US thirst for oil ignited Iraq war
Mon, 17 Sep 2007 22:13:19 GMT
Former top American central banker Alan Greenspan blasts the White House for invading Iraq, saying the war was linked to US thirst for oil.
Alan Greenspan, in his new book, takes swipes at the US President's administration for everything from its motives for invading Iraq to its unbridled spending.
The most explosive charge in Greenspan's memoir, "The Age of Turbulence: Adventures in a New World," is that the George W. Bush administration was driven to overthrow Iraqi leader Saddam Hussein in a large part by a lust for Iraq's oil.
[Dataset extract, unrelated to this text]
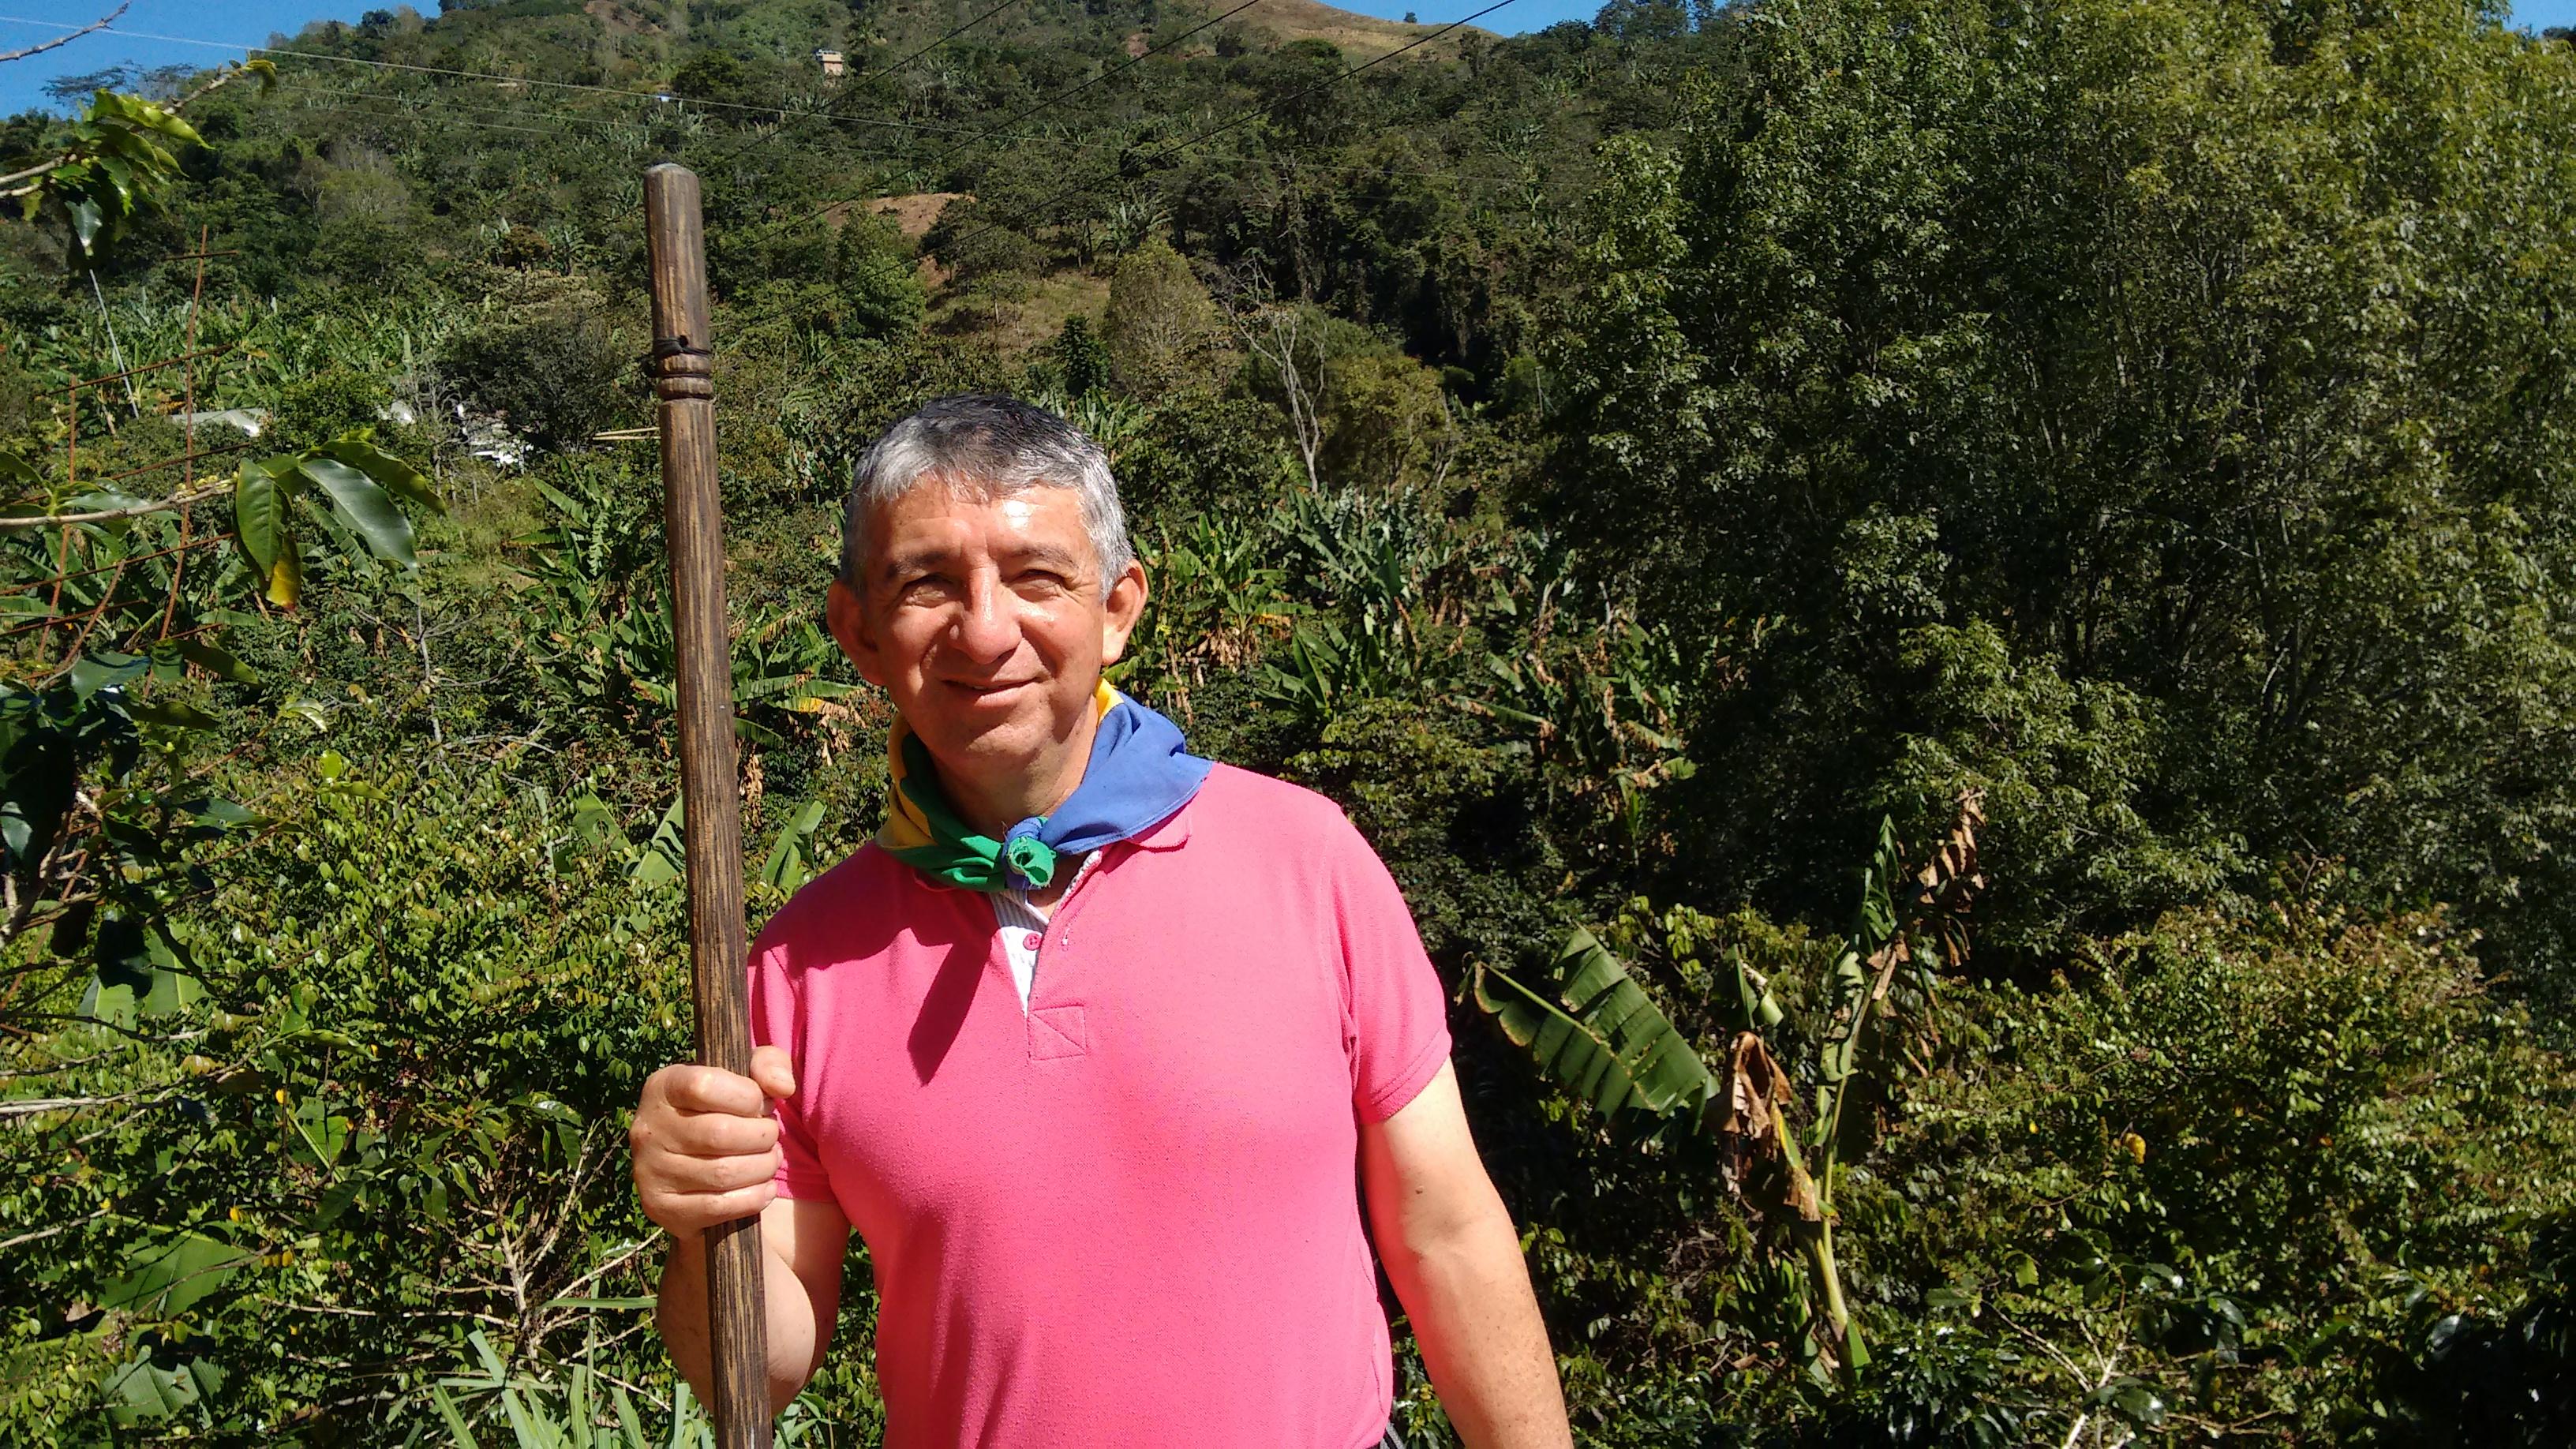 Robert Elio Delgado

"I'm saddened that it is politically inconvenient to acknowledge what everyone knows -- the Iraq war is largely about oil," he wrote in reported excerpts of the book, which hits bookstore shelves Monday.
Greenspan also accuses President George W. Bush of abandoning Republican principles on the economy.
Greenspan, a lifelong Republican, writes that he advised the White House to veto some bills to curb "out-of-control" spending while the Republicans controlled Congress.
According to The Wall Street Journal, he says that Bush's failure to do so "was a major mistake."
Republicans in Congress, he writes, "swapped principle for power. They ended up with neither."
"They deserved to lose" in the 2006 elections when the Democrats retook control of Congress, he adds.